From that point, perform a flood fill.
if the bounds of the filled figure are not those of the image, then you found a closed figure, and therefore its bounding box.
if it fills the whole image, then you hitted nothing, so divide the image in four cuadrants and do the same recursively. (You don't need to check for points that fall inside a previously found bounding box figure, cutting your search space in the process).
看起来 OpenCV 已经实现了一些用于查找轮廓边界框的算法。因此,研究它们的功能如何工作可能是一个很好的开始。
http://opencv.itseez.com/doc/tutorials/imgproc /shapeescriptors/bounding_rects_circles/bounding_rects_circles.html
It looks like OpenCV has some algorithms for finding the bounding box of a contour already implemented. So looking into how their function works might be a good way to start.
http://opencv.itseez.com/doc/tutorials/imgproc/shapedescriptors/bounding_rects_circles/bounding_rects_circles.html
对于每个元素:
注意最高值是指最接近屏幕顶部的值,而不是最大值。
For each element:
Note by highest I mean closest to the top of the screen not the greatest value.
您可以计算最小生成树并删除最长的边。然后您可以计算 k 均值。删除另一条长边并计算 k 均值。冲洗并重复,直到 N=10。我相信这个算法被命名为单链接 k 均值,并且聚类类似于 voronoi 图:
“单链接 k 聚类算法......正是 Kruskal 算法......相当于找到一个 MST 并删除 k- 1 个最昂贵的边。”

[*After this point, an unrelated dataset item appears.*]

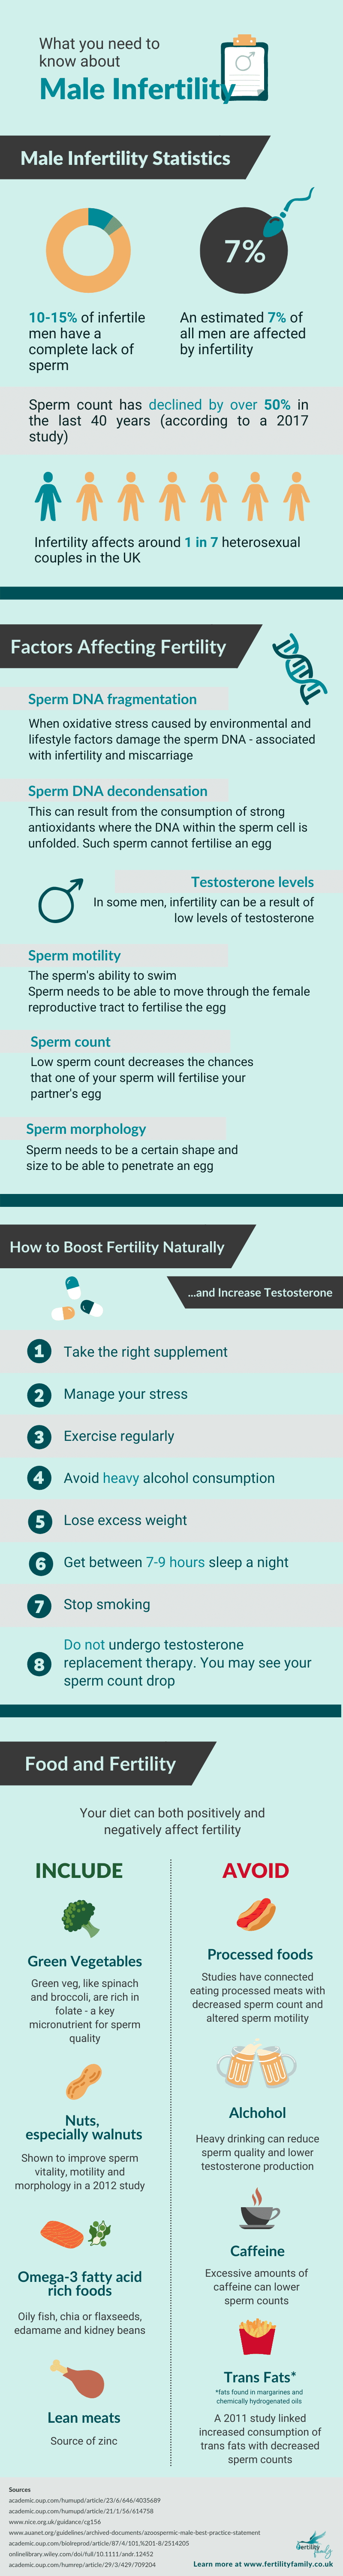 What are the signs and symptoms of infertility? » British Fertility Society

例如,请参见此处: https://stats.stackexchange.com/questions/1475/visualization-software -for-clustering
然后,对于每个集群,应用此规则:
注意,最高值是指最接近屏幕顶部的值,而不是最大值。
You can calculate a minimum spanning tree and remove the longest edges. Then you can calculate the k-means. Remove another long edge and calculate the k-means. Rinse and repeat until you have N=10. I believe this algorithm is named single-link k-means and the cluster are similar to voronoi diagrams:
"The single-link k-clustering algorithm ... is precisely Kruskal's algorithm ... equivalent to finding an MST and deleting the k-1 most expensive edges."
See for example here: https://stats.stackexchange.com/questions/1475/visualization-software-for-clustering
Then for each cluster you apply this rule:
Note by highest I mean closest to the top of the screen not the greatest value.